To better understand the concept of high sensitivity and classify empaths and highly sensitive people, imagine a hypothetical sensitivity scale with values from 1 to 100. The number 1 represents the highest value and the highest sensitivity, and the number 100 represents the lowest value and the lowest sensitivity.

On this scale, about the first 4 percent of the highest values are occupied by empaths. They are the most sensitive group and have an exceptionally reactive neurological system and heightened sensory and extrasensory perception.

The next 16 values are occupied by other highly sensitive people.
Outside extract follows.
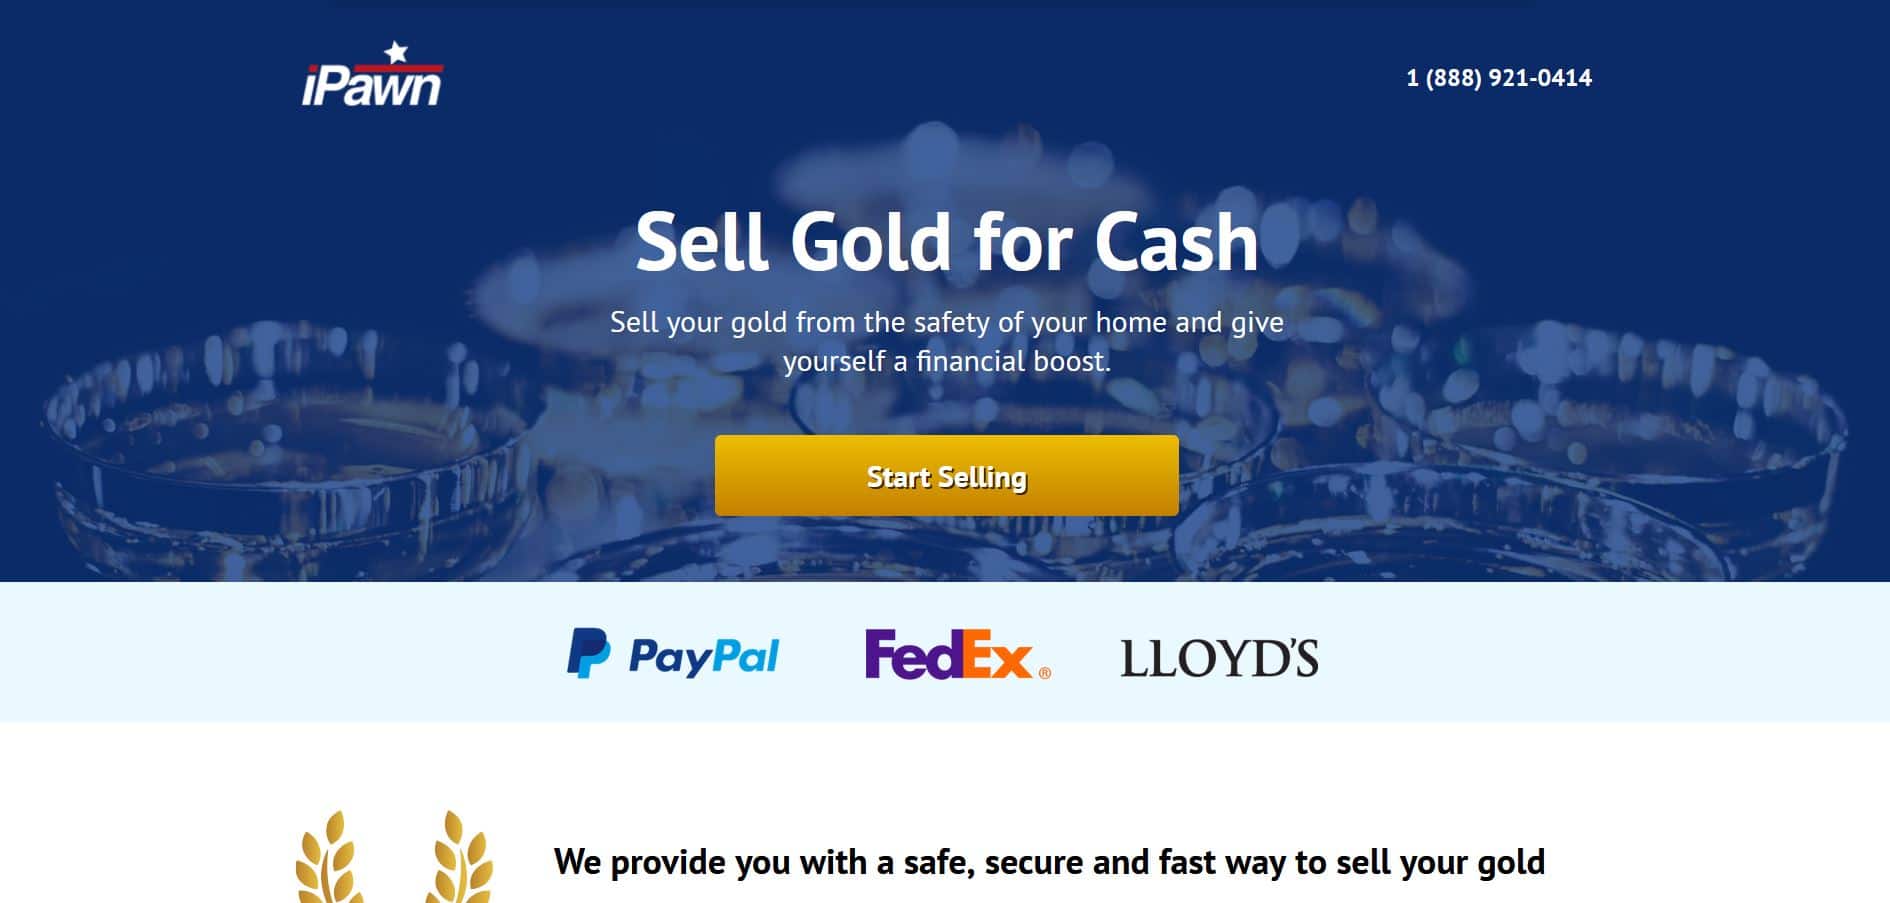 It's Time to Sell Your Gold and Buy Silver - Global Bullion Suppliers

The next 20 percent of the values are occupied by “sensitive people” (these are mostly people who are considered very empathic), followed by “moderately sensitive people” (people who can be empathic if they make an effort ), “less sensitive people” (people, who are empathic only in exceptional circumstances), and at the lower end of the scale are narcissists, sociopaths, psychopaths, and various other types of “paths” (people for whom it’s questionable whether they can be empathic at all and who care little about how others feel).

This is an imaginary scale that I use only to describe the different degrees of sensitivity a bit more vividly and to categorize empaths and highly sensitive people more categorically in relation to other people who aren’t highly sensitive.

High sensitivity is a genetic trait and something you either have or you don’t have – either we have it in us, or we don’t – and a person who isn’t naturally highly sensitive can only become highly sensitive in exceptional situations in a short period of time.